AI, Professionals, and Professional Work: The Practice of Law with Automated Decision Support Technologies
A report on work being done jointly with Deirdre Mulligan. Technical systems employing algorithms are shaping and displacing human decision making in a variety of fields. As technology reconfigures work practices, researchers have documented potential loss of human agency and skill, confusion about responsibility, diminished accountability, and both over- and under-reliance on decision-support systems. The introduction of predictive algorithm systems into professional decision making compounds both general concerns with bureaucratic inscrutability and opaque technical systems as well as specific concerns about encroachments on expert knowledge and (mis-)alignment with professional liability frameworks and ethics.
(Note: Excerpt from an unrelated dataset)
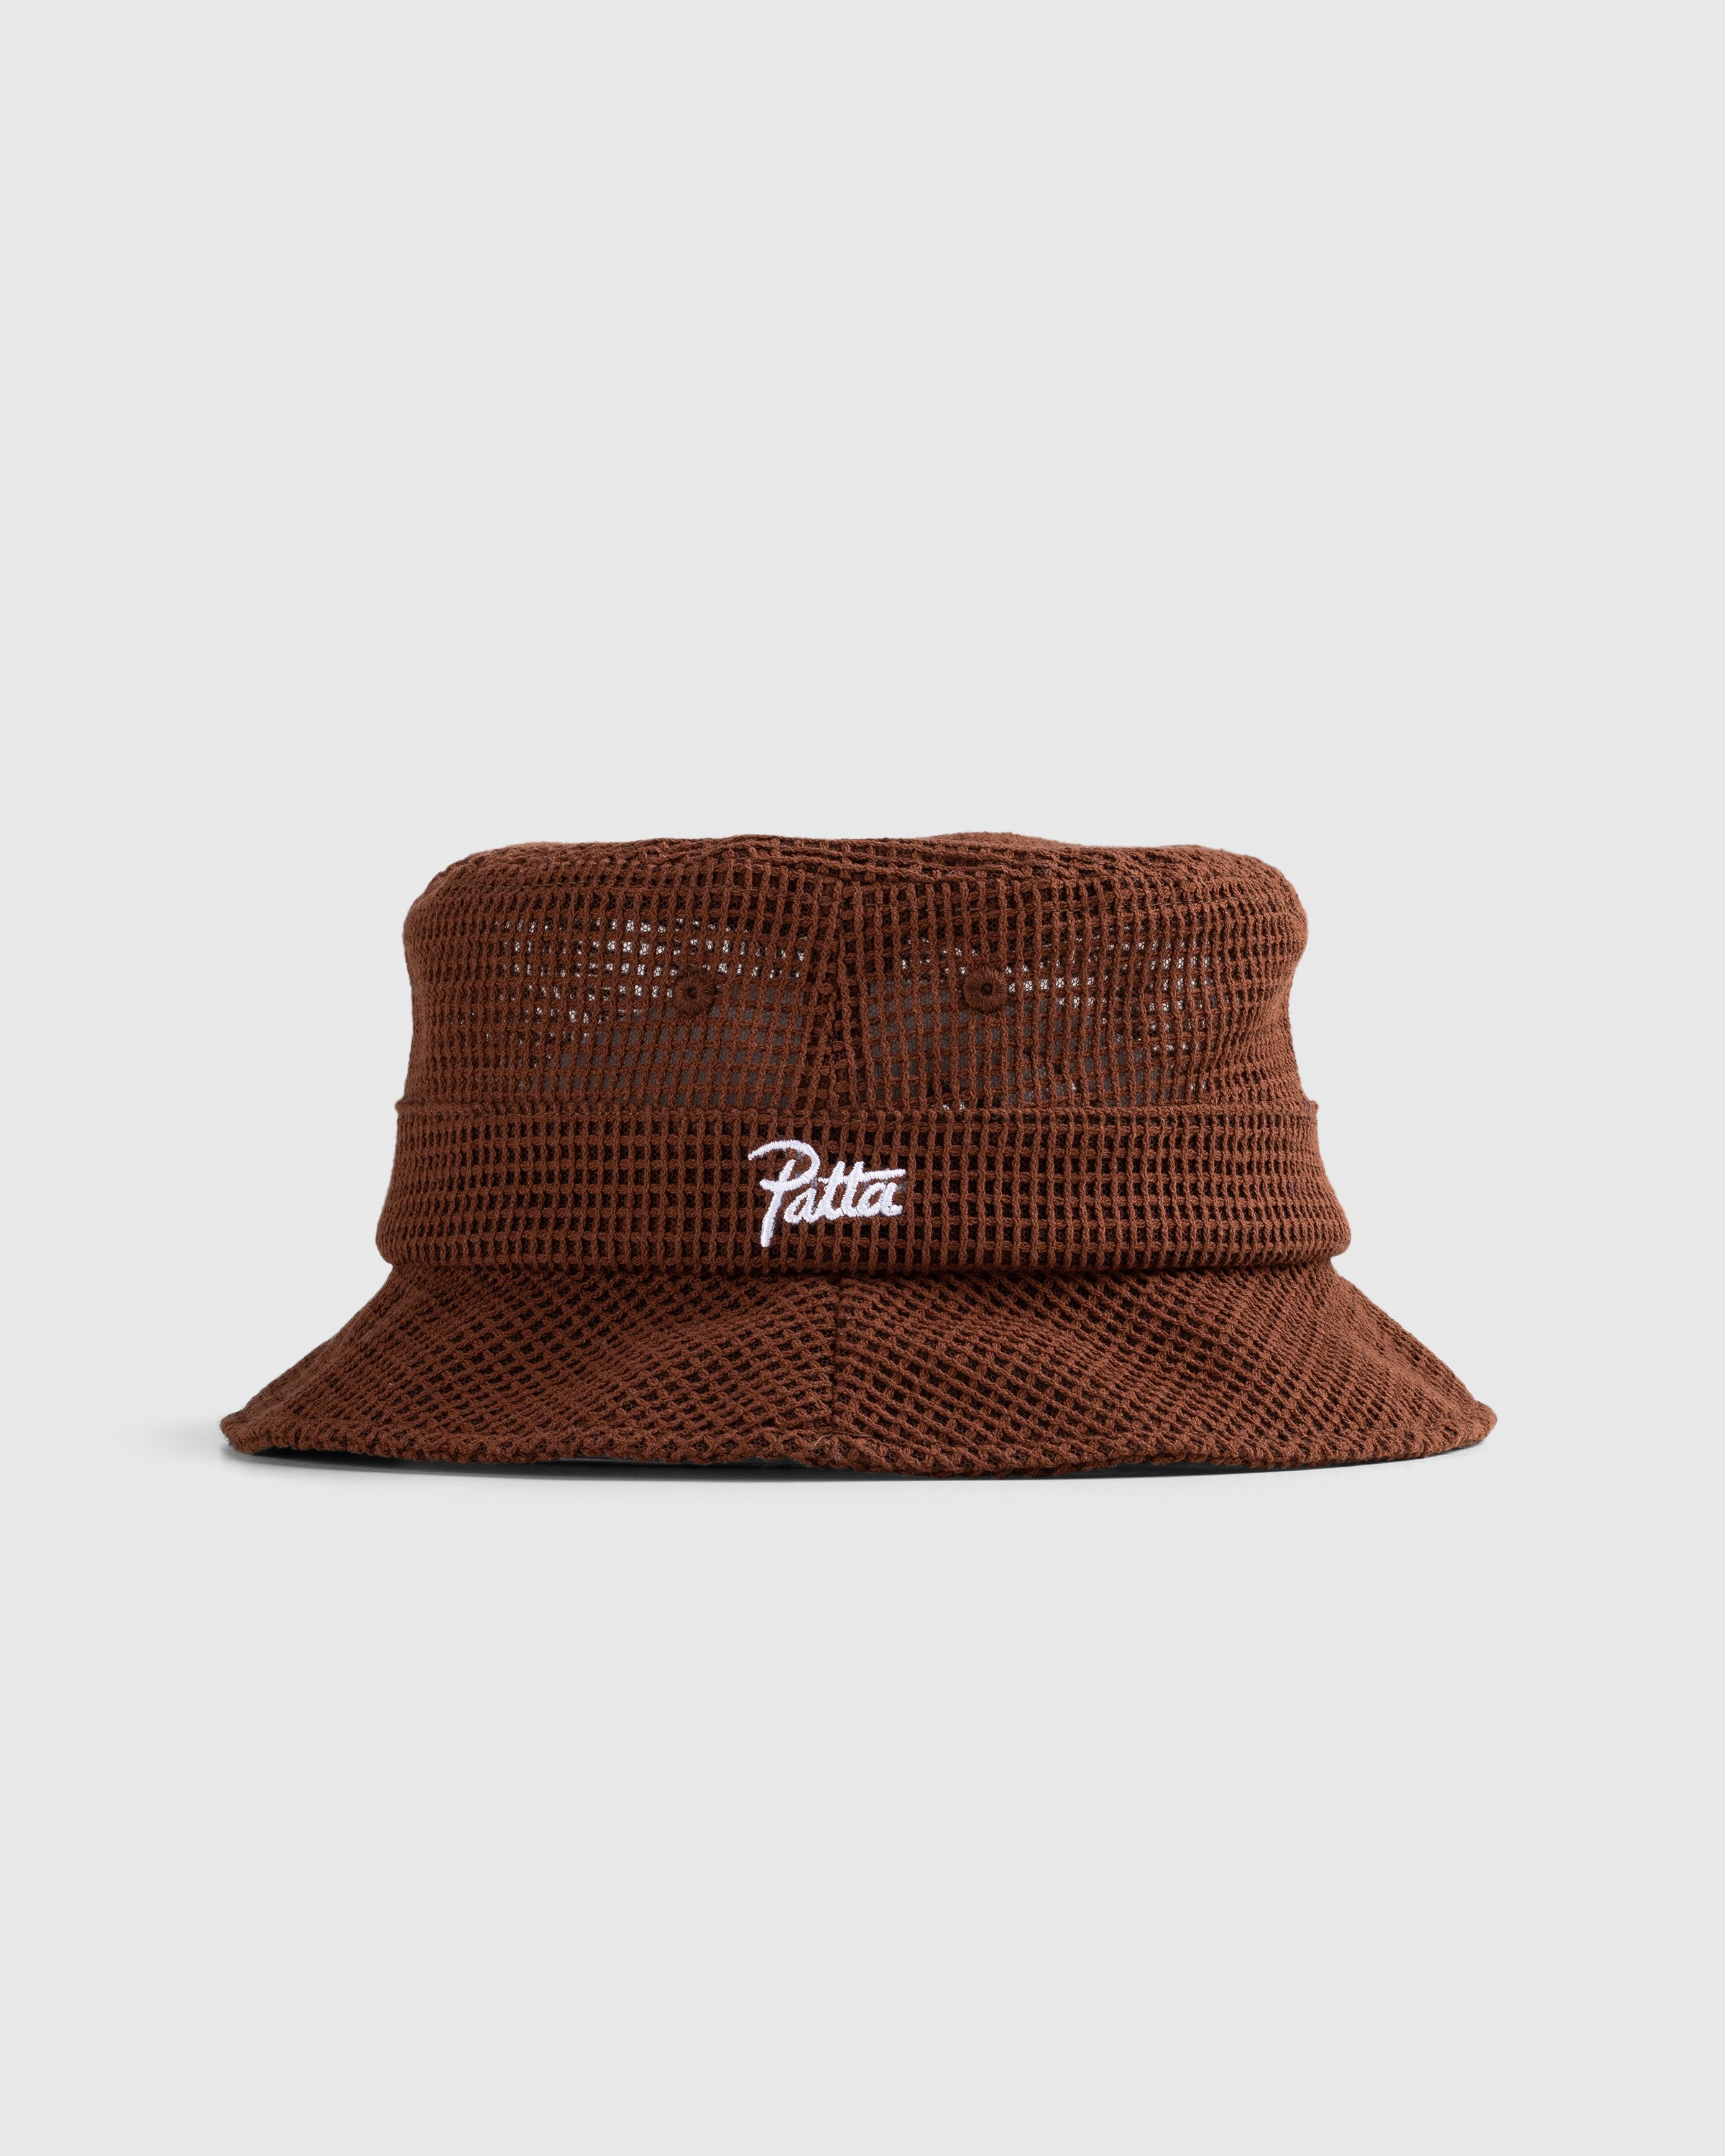 Patta - Mesh Bucket Hat Brown - Accessories - Brown - Image 1

To date, however, we have little empirical data regarding how automated decision-support tools are being debated, deployed, used, and governed in professional practice.
The objective of our ongoing empirical study is to analyze the organizational structures, professional rules and norms, and technical system properties that shape professionals’ understanding and engagement with such systems in practice. As a case study, we examine decision-support systems marketed to legal professionals, focusing primarily on technologies marketed for “e-discovery” purposes. Commonly referred to as “technology-assisted review” (TAR) or “predictive coding,” these systems increasingly rely on machine-learning techniques to classify and predict which of the voluminous electronic documents subject to litigation should be withheld or produced to the opposing side. We are accomplishing our objective through in-depth, semi-structured interviews of experts in this space: the technology company representatives who develop and sell such systems to law firms and the legal professionals who decide whether and how to use them in practice. We argue that governance approaches should be seeking to put lawyers and decision-support systems in deeper conversation, not position them as relatively passive recipients of system wisdom who must rely on out-of-system legal mechanisms to understand or challenge them. This requires attention to both the information demands of legal professionals and the processes of interaction that elicit human expertise and allow humans to obtain information about machine decision making.
Daniel N. Kluttz is a postdoctoral scholar at UC Berkeley's School of Information. There he helps organize and lead the Algorithmic Fairness and Opacity Working Group (AFOG), an interdisciplinary group that brings together UC Berkeley faculty, postdocs, and Bay Area technology professionals to develop research and policy recommendations regarding fairness and transparency, governance, professional ethics, and social impacts of emerging technologies and practices, particularly as applied to artificial-intelligence-based systems, algorithmic decision making, and data science.
Drawing from intellectual traditions in organizational theory, law and society, economic sociology, social psychology, and technology studies, Kluttz’s research is oriented around two broad lines of inquiry: 1) the formal and informal governance of economic and technological innovations, and 2) the organizational and legal environments surrounding such innovations. His current projects include studies of the psychological, organizational, and cultural underpinnings of personal data exchange in the digital economy, the effects of automated decision-support technologies on professional work practices and the construction and implementation of data science ethics in the tech industry and higher education. He has employed both qualitative and quantitative methods in his work, including in-depth interviews, longitudinal and multi-level modeling techniques, surveys, geospatial analyses, and historical/archival methods.
Kluttz’s research has appeared in a variety of peer-reviewed publications, including the Law & Society Review, Socio-Economic Review, and Handbook of Contemporary Sociological Theory. He holds a Ph.D. in sociology from UC Berkeley, a JD from the UNC-Chapel Hill School of Law, and dual bachelor’s degrees in sociology and psychology from UNC-Chapel Hill. Prior to pursuing his Ph.D., he practiced law in Raleigh, NC.